Idarucizumab, a humanized, monoclonal antibody fragment for immediate reversal of dabigatran

Abstract

Objective: To evaluate the role of idarucizumab, a humanized monoclonal antibody fragment, as a specific reversal agent for the anticoagulant activity of dabigatran and to review the pharmacology, pharmacokinetic properties, efficacy, and safety of this agent. Methods: A literature search was conducted consisting of a PubMed database using the MeSH term idarucizumab and the key word dabigatran antidote.
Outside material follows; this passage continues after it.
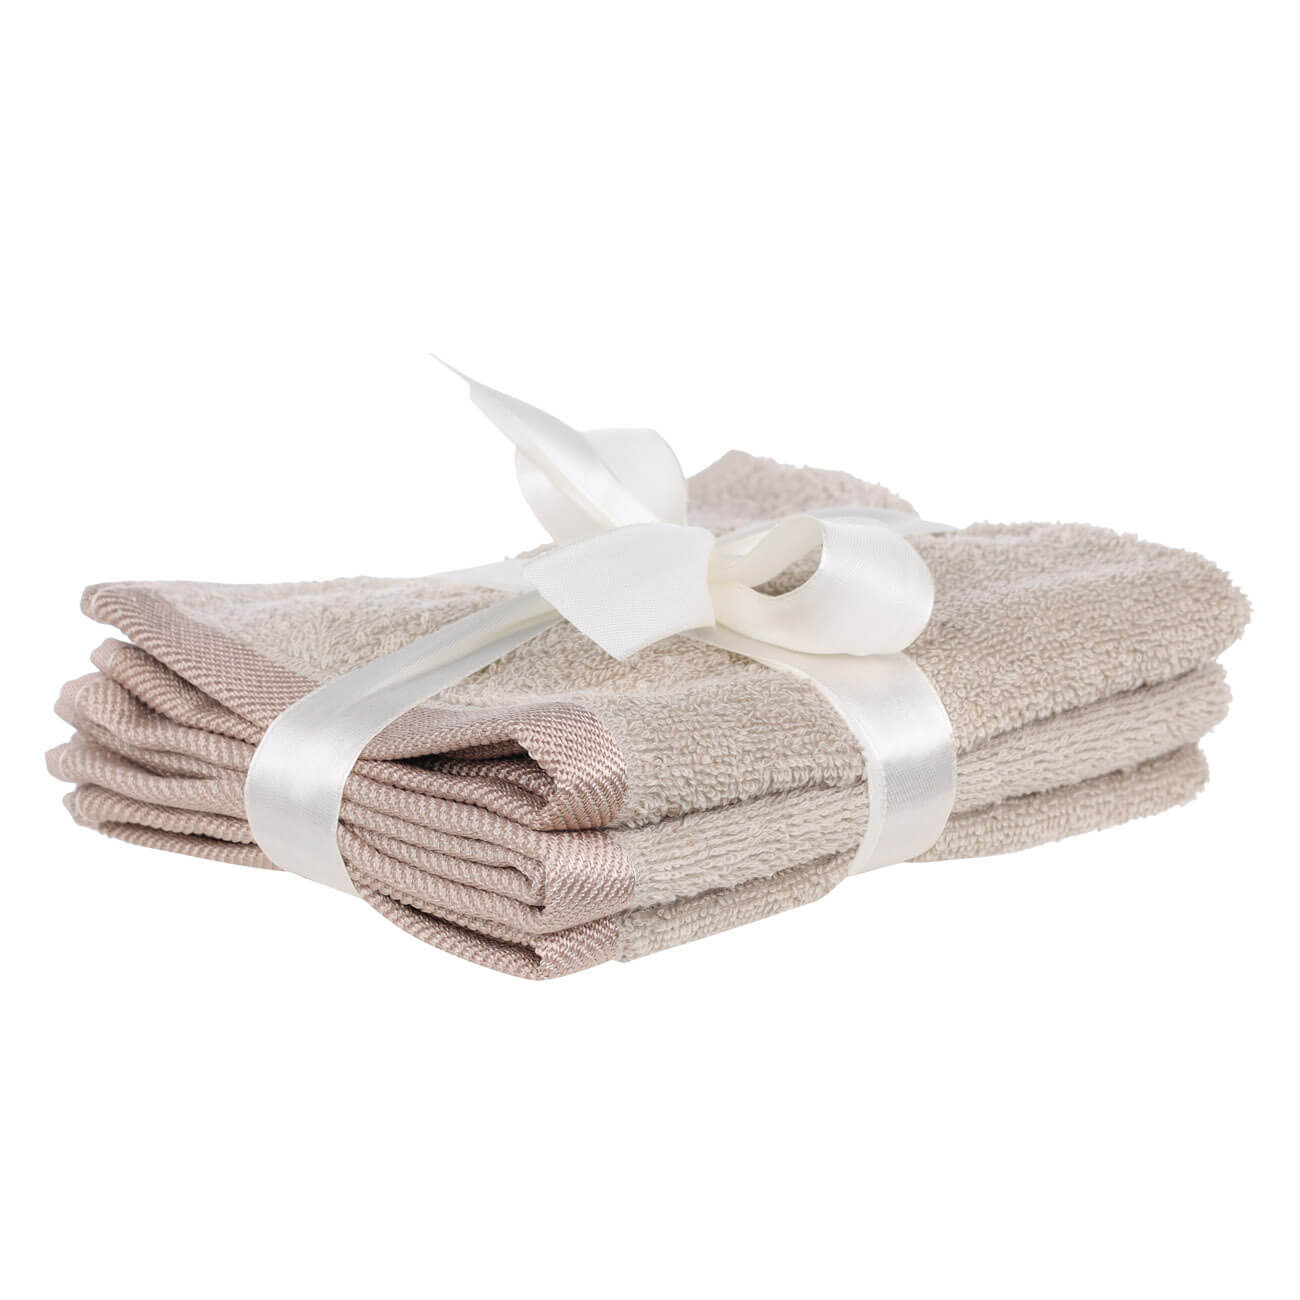 Полотенце, 30х30 см, 3 шт, хлопок, бежевое, Wellness полотенце 30х30 см 6 шт в корзине с бантом хлопок бежевое белое basket towel
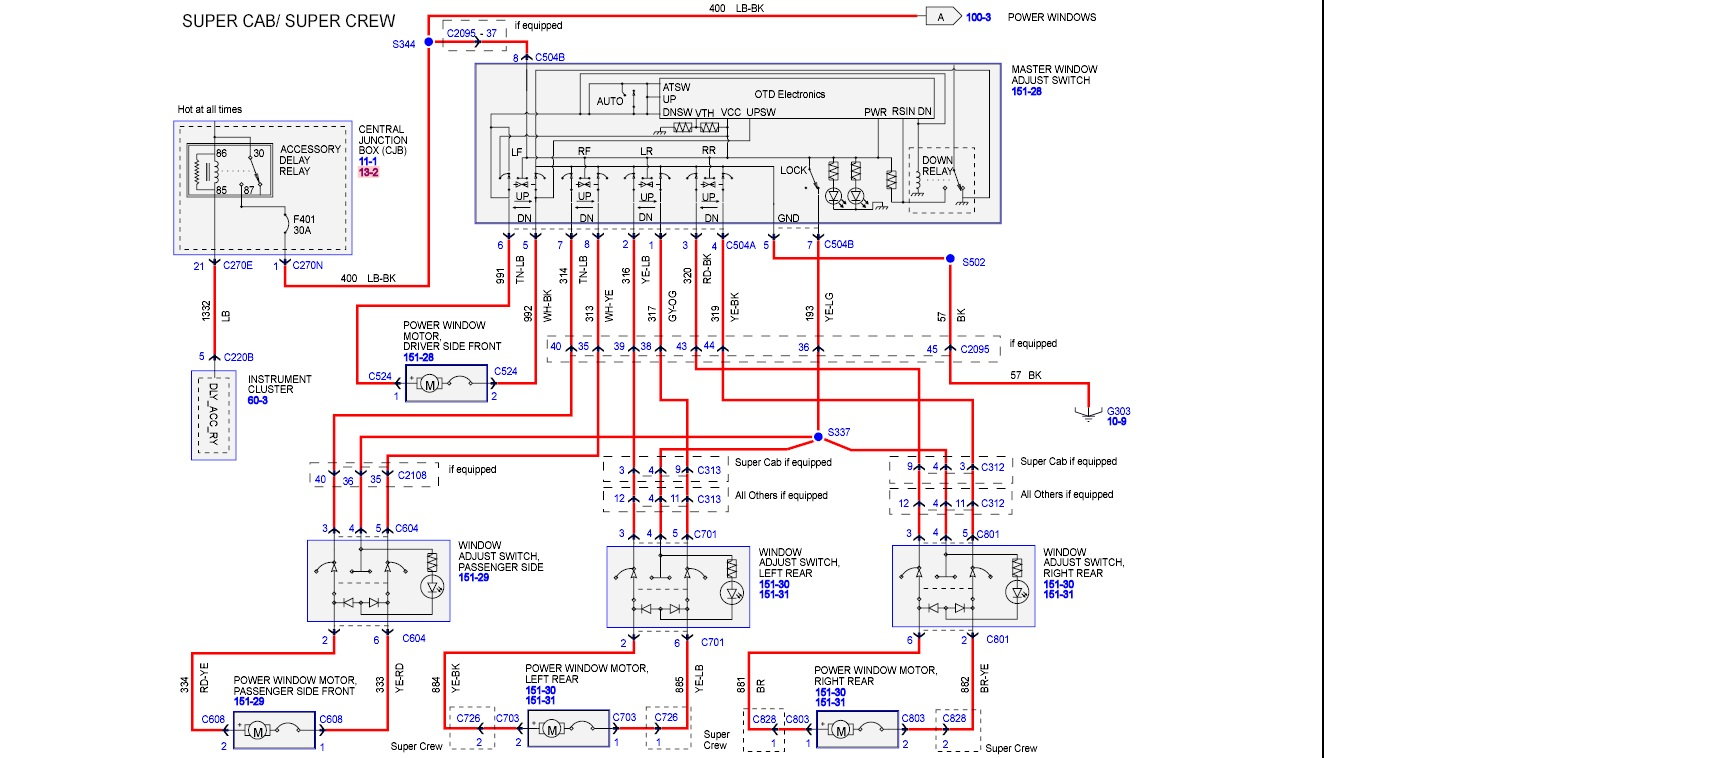 Power Window Switch Wiring Diagram from cimg8.ibsrv.net

Studies evaluating the pharmacology, pharmacokinetics, safety, and efficacy of idarucizumab for the reversal of the anticoagulant activity of dabigatran were included. Results: Idarucizumab represents a novel treatment option as it is the only humanized, monoclonal antibody fragment that specifically binds to dabigatran. Studies evaluating reversal of dabigatran-induced anticoagulation have demonstrated immediate, complete, and sustained effects with idarucizumab. Idarucizumab did not overcorrect thrombin generation. Additionally, evaluations have shown that dabigatran can be safely reinitiated 24 hours after the administration of idarucizumab. The United States Food and Drug Administration granted priority review for the biologic license application and accelerated approval for idarucizumab. Conclusion: Idarucizumab represents an encouraging development in the reversal of dabigatran. Its novel mechanism of action, pharmacokinetics, tolerability, and lack of thrombotic events contribute positively to its use in patients who experience bleeding or for those who require emergent surgery or procedures.